Внимательный взгляд отыскал парочку тусклых пузырей, но, как назло, все они размещались высоко, рукой не дотянешься. И ступеньку-то не из чего сделать: единственная мебель в комнате — кресло хозяина. Требовался предмет подлиннее. За ним я и попросился в коридор — и уже ступая в проём двери, заметил, что Вигитт не сводит с меня умных светло-серых глаз.
Вылазка из 'библиотеки' длилась недолго: в закутке возле синей комнаты я прибрал к рукам швабру с длинной ручкой и немного проволоки для создания самодельного ухвата, на который и намеревался поймать 'лист'. Пошла в ход и запасная одежда — чтобы сосуд случайно не сорвался с хлипкого 'крана', а попал в кожистый мешок как в сачок. Пришлось изрядно повозиться, но опыт грабельно-леечного общения с крысоловкой дал неплохие плоды: в конце концов приспособление выглядело очень похоже на моё представление о нём и вполне выдерживало удар кулаком.
Вигитт сразу пустил меня обратно в читальню и даже как будто улыбнулся швабре, но лишь до тех пор, пока она не оказалась в опасной близости от стеклянных стеллажей.
— Минутку, — попросил я.
Пальцы дрожали от напряжения — следовало проявить огромную аккуратность, чтобы накрыть бутылку именно под тем углом, который позволил бы не смахнуть её с полки.
Хозяин комнаты уже поднимался из кресла, но искра творческого азарта разгорелась в целый пожар, и, боясь быть прерванным, я наспех подцепил 'книгу' 'сачком'. Взмах — пузырь повис 'на соплях' — ох, какой же тяжёлый... Осторожно опустив швабру, извлёк из складок грубой кожи драгоценную бутылку с 'чистой' водой.
— Живо назад!
Прервав любование плодами своих усилий, я оглянулся. Штатив со стеклянными сочинениями накренился вбок, и книги медленно сползали к западающему углу. К щекам прилила кровь. Ох, не время сейчас тушеваться — ещё вот-вот, и...
— Держать помоги! — прикрикнул Вигитт и, явно не собираясь надрываться сам, плюхнулся в ближайший котлован с водой.
Плечо подпёрло шкаф с запавшего края. Вот и 'проявить покорность' — едва пол-библиотеки не обрушил. Заветный 'чистый лист' покоился на мху в безопасности от обвала, и при взгляде на него в голове растеплялось дурное самолюбие. Всё-таки смог..!

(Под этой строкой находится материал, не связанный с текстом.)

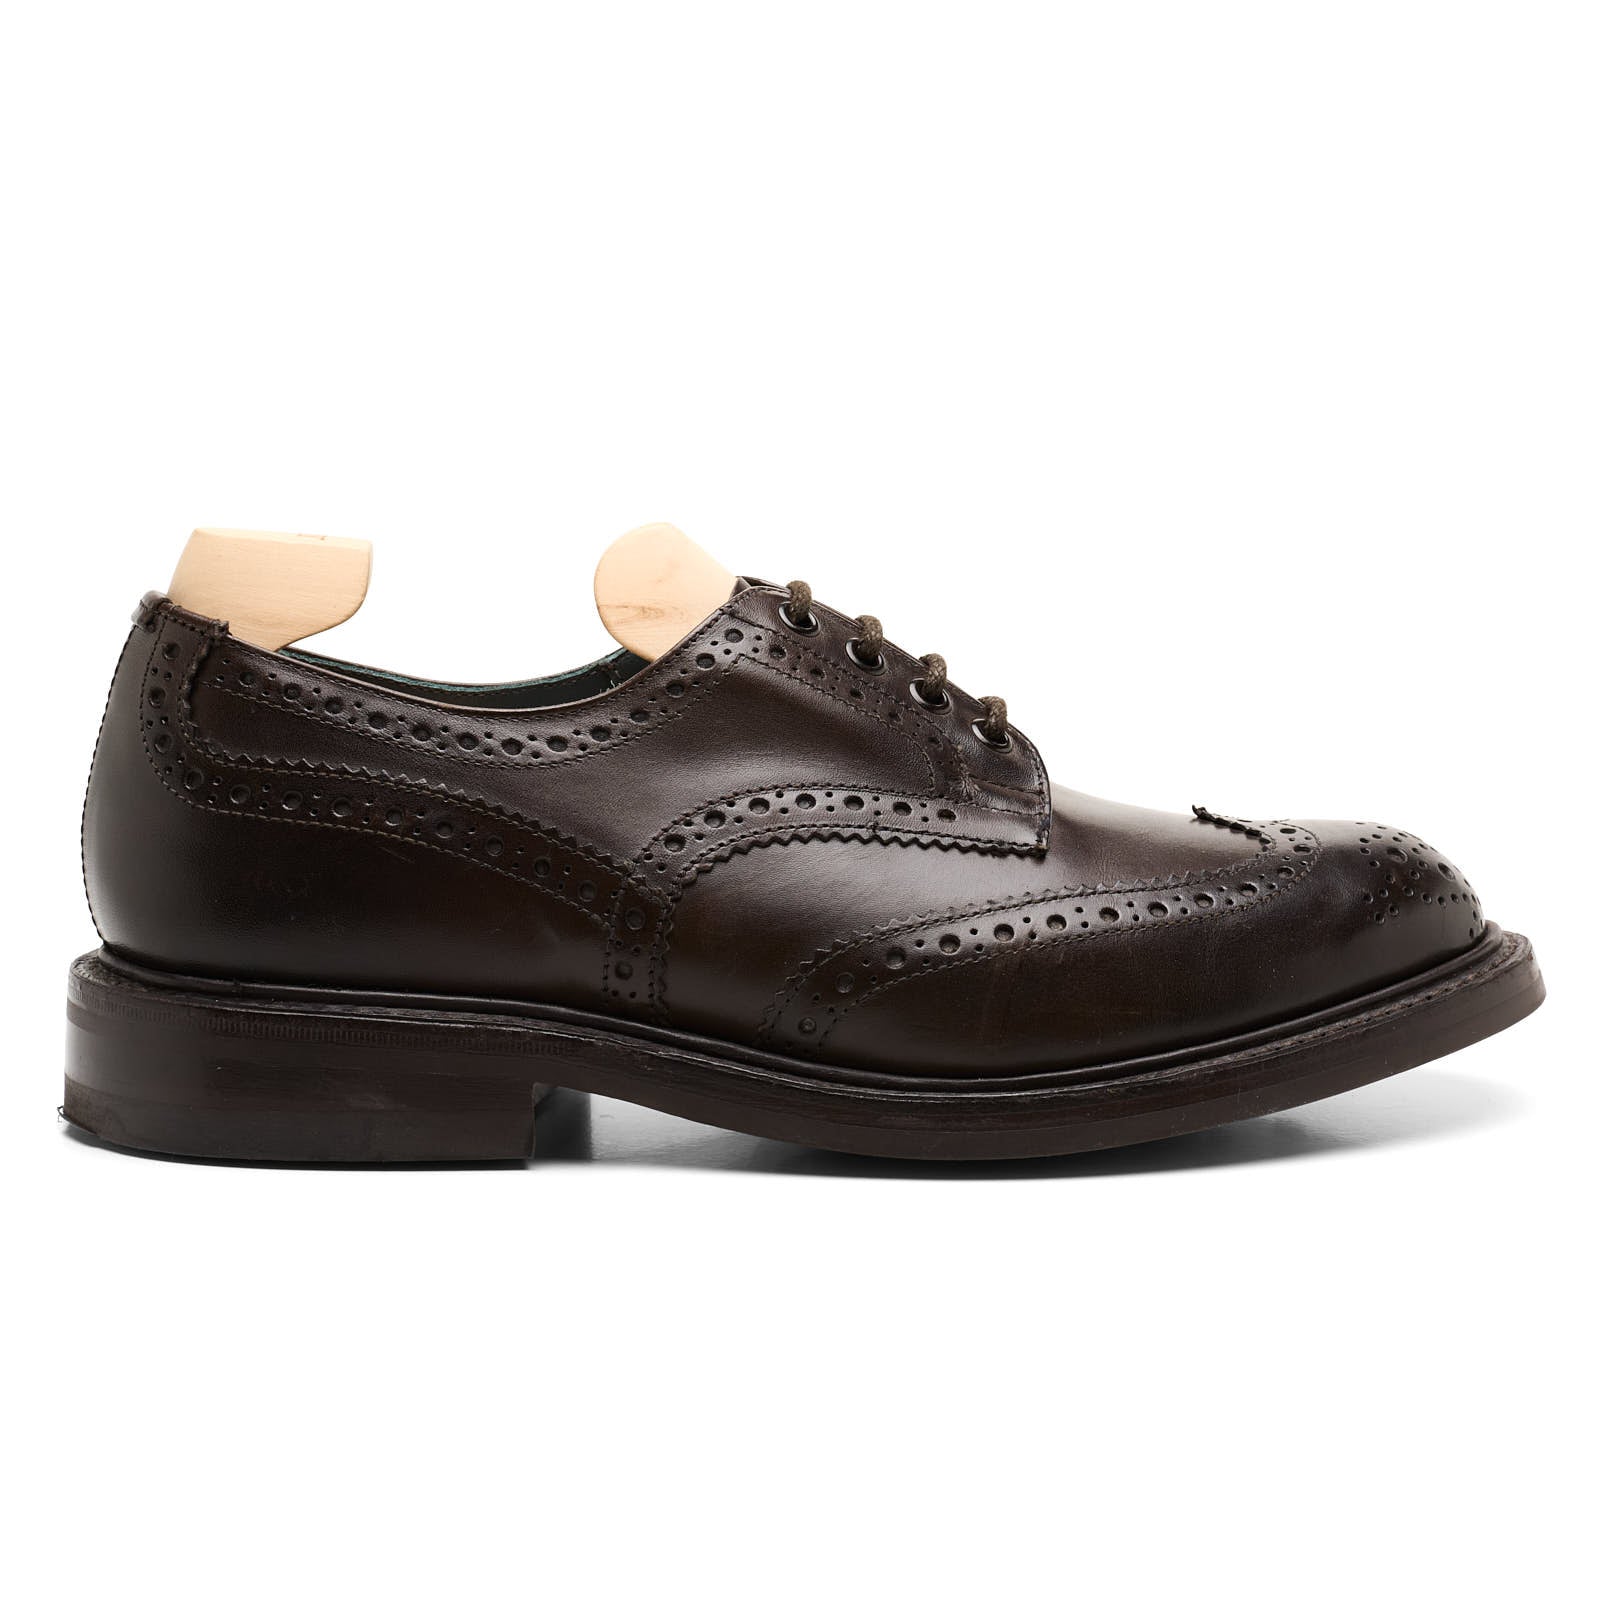 TRICKER'S Bourton Dark Brown Brogue Wingtip Derby Shoes Dainite Sole UK 8 US 9 NEW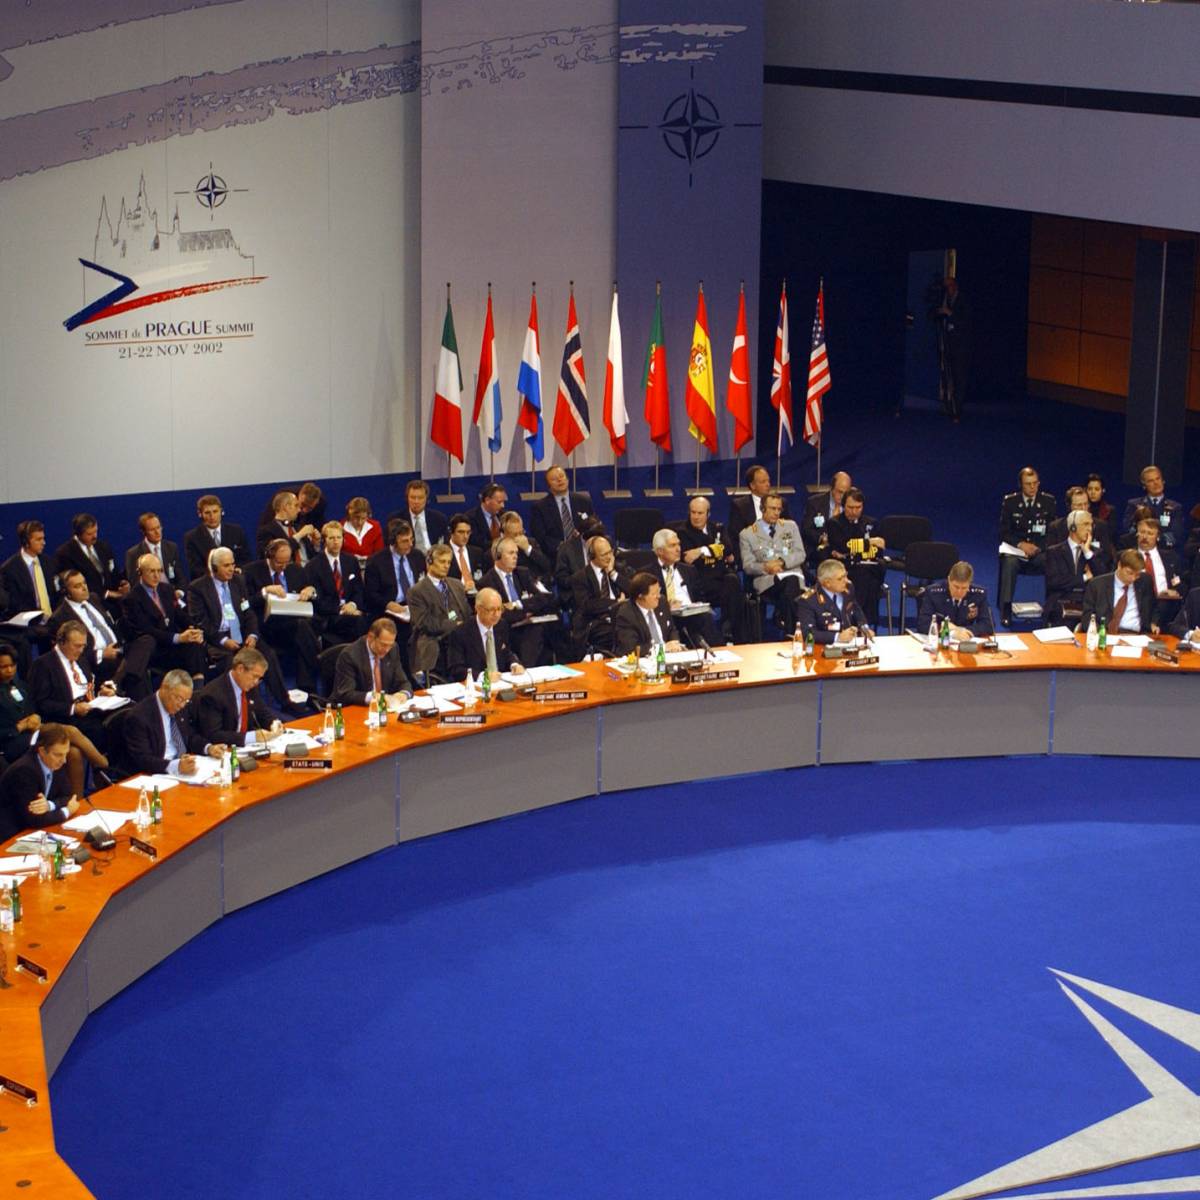 Разворот в сторону РФ: Макрон готов к действиям через Совет НАТО

Минута, вторая, третья... Мышцы уже свело от натуги, а крен только больше стал. Ну почему именно я?.. Сложно им, с их-то красной, всё исправить?!..
Четвёртая, пятая... Напряжение переросло в боль. Я зажмурился, и тут в лицо пахнуло горячим цветочным ветром. Дверь нараспашку, на фоне проходного потока — знакомый жёлтый силуэт.
— Гд... — тревожно выдохнул пришелец, но, заметив мои усилия, не стал договаривать.
Полки надрывно звякнули и резко встали на место. Проскользив по стеклянной глади, книги точно заняли прежние места и благодарно засияли.
— А вот это уже вне допустимого.
Я обернулся; Дари неодобрительно хмурил тонкие брови.
— Заморок!
— Тише, тише, — Вигитт встал между нами и развёл руки в открытом жесте. — Он выполнял задание... — хозяин библиотеки с сомнением взглянул на швабру: инструмент валялся посреди комнаты, проволочное кольцо провалилось до середины ручки. — Да, задание. И выполнил. Пусть и своим способом, — Похоже, моё изобретение надолго приковало к себе внимание книжника. — ...но справился.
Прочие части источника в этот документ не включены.